Polymer Chemistry, 2015, vol 7, 1, pp. 164-170
DOI:10.1039/C5PY01406A
Abstract
A semi-crystalline conjugated polymer based on two electron-deficient units, pentacyclic lactam (PCL) and diketopyrrolopyrrole (DPP), was designed and synthesized for application in field-effect transistors (FETs) and polymer solar cells (PSCs). The polymer has a high molecular weight, near-infrared absorption up to 900 nm and good solubility in toluene.
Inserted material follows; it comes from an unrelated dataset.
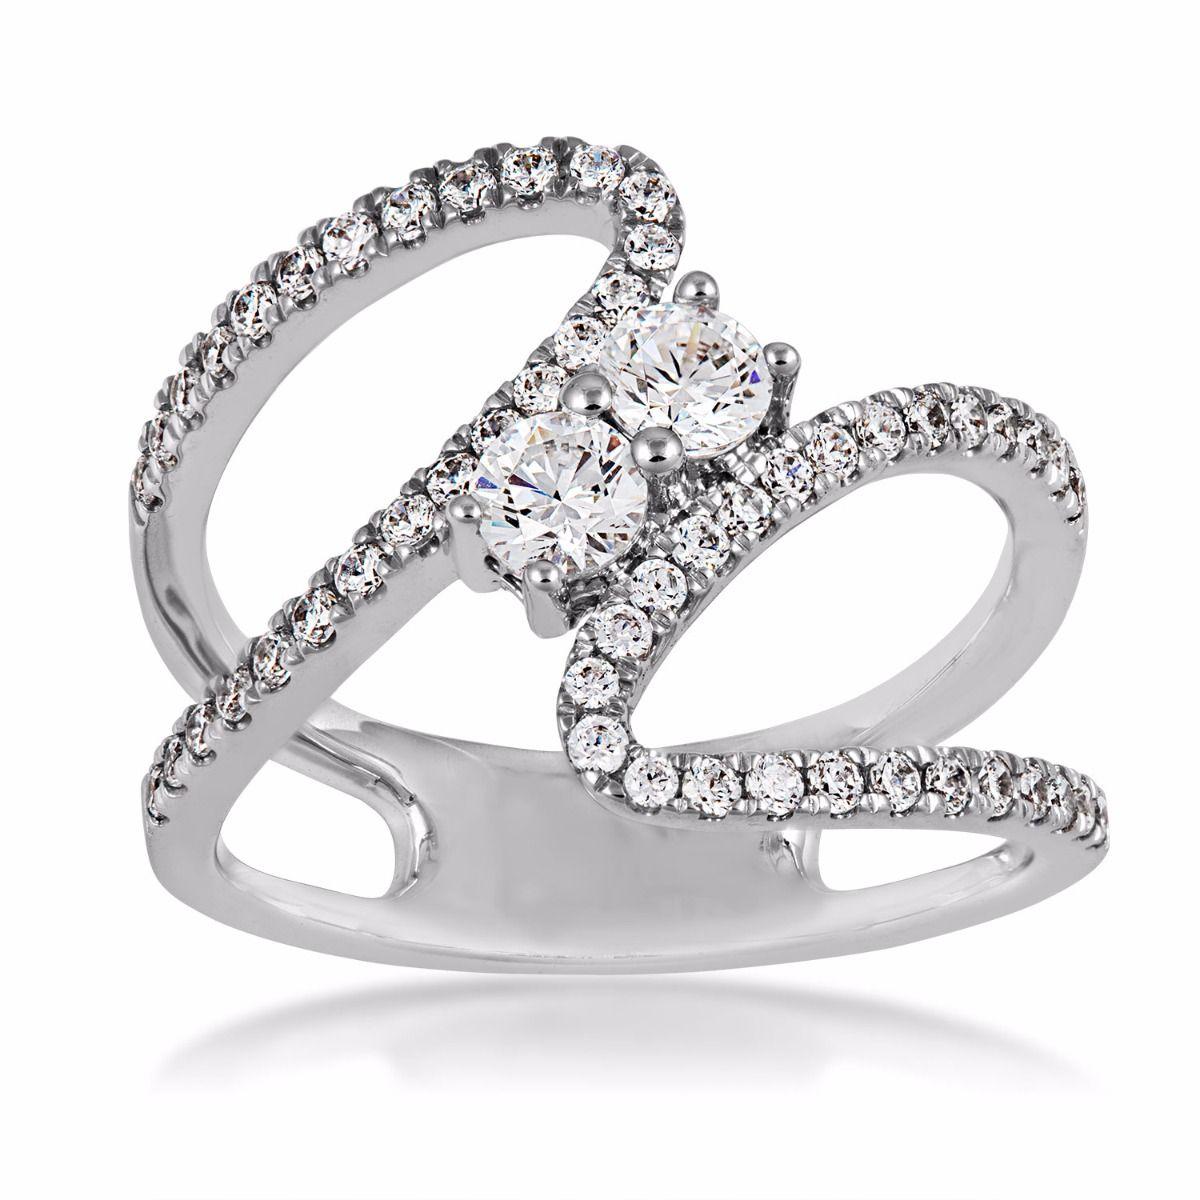 designer rings 7/8cttw 2beloved diamond ring in 14k white gold - sr1324r lwncchu

When the polymer thin films were solution-processed from toluene with diphenyl ether as an additive, the FET devices achieved a high hole mobility of 0.81 cm2 V−1 s−1. With the same solution-processing solvents, bulk-heterojunction solar cells based on this polymer as an electron donor provided a power conversion efficiency of 4.7% with an optimal energy loss of 0.65 eV due to its deep lowest unoccupied molecular orbital level. Further study on the morphology of the pure polymer or blend thin films by atomic force microscopy, transmission electron microscopy and 2D grazing-incidence wide-angle X-ray scattering reveals that the new polymer has good crystalline property, which is mainly due to the coplanar nature of the conjugated backbone. This work demonstrates that conjugated polymers incorporating several electron-deficient units can be potentially used in high performance FETs and PSCs.